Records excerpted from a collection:
++++++++++

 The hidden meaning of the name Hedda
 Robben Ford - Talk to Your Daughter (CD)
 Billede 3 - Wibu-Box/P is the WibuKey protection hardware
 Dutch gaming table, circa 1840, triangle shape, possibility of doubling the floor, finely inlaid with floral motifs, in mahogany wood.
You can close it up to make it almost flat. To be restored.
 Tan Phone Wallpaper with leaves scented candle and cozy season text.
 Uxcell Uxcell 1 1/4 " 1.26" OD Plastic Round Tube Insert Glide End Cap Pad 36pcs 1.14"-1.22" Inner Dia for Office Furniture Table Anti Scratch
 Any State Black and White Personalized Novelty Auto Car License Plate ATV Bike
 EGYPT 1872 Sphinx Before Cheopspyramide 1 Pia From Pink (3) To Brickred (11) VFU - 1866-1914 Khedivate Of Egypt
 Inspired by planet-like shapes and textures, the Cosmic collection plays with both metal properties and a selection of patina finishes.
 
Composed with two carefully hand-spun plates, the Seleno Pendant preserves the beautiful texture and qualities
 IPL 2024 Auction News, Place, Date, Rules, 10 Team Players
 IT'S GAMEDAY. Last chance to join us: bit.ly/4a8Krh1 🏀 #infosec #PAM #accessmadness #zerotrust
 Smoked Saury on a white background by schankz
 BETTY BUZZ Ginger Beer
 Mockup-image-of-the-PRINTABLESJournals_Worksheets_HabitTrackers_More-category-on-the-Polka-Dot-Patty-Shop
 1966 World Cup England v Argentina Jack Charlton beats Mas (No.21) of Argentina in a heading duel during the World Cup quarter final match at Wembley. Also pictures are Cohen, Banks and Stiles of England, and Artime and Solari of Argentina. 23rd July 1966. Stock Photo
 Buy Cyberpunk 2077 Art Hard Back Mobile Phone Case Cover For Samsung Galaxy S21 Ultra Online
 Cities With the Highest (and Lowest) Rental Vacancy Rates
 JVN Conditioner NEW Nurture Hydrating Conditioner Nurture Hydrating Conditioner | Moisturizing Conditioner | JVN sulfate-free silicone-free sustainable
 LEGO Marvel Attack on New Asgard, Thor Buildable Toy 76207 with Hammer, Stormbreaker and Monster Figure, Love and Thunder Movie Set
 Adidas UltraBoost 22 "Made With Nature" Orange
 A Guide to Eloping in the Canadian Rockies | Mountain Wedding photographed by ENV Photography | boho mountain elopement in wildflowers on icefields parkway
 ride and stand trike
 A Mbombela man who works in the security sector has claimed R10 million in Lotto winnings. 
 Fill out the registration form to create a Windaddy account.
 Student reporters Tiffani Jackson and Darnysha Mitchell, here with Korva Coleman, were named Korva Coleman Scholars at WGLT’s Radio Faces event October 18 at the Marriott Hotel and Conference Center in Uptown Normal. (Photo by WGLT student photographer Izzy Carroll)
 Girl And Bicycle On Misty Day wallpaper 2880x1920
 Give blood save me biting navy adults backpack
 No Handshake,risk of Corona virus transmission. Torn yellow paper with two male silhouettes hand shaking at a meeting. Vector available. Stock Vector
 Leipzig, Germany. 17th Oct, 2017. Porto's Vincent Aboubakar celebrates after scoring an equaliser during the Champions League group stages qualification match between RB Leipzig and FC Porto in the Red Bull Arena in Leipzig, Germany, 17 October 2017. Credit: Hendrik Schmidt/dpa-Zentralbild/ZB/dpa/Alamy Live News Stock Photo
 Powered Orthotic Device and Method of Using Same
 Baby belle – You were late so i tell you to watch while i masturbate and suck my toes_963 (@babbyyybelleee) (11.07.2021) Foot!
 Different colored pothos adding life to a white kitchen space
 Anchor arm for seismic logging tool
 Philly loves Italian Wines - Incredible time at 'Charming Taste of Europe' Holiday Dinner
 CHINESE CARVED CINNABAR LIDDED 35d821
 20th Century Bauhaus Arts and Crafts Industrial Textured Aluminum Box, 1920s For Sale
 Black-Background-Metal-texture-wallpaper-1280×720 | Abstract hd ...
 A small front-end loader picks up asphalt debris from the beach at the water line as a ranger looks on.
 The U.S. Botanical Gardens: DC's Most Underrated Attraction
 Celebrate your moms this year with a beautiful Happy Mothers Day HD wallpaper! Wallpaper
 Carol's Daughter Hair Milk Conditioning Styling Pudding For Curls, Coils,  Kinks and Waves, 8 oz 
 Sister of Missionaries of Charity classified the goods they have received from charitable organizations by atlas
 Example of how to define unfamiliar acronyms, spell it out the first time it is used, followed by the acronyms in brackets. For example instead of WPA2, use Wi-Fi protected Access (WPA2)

++++++++++

▶ EXERCISE BRIEF: Go through the records and pull out each line that includes the word "Black".

▶ COMPLETED TASK:
 Any State Black and White Personalized Novelty Auto Car License Plate ATV Bike
 Black-Background-Metal-texture-wallpaper-1280×720 | Abstract hd ...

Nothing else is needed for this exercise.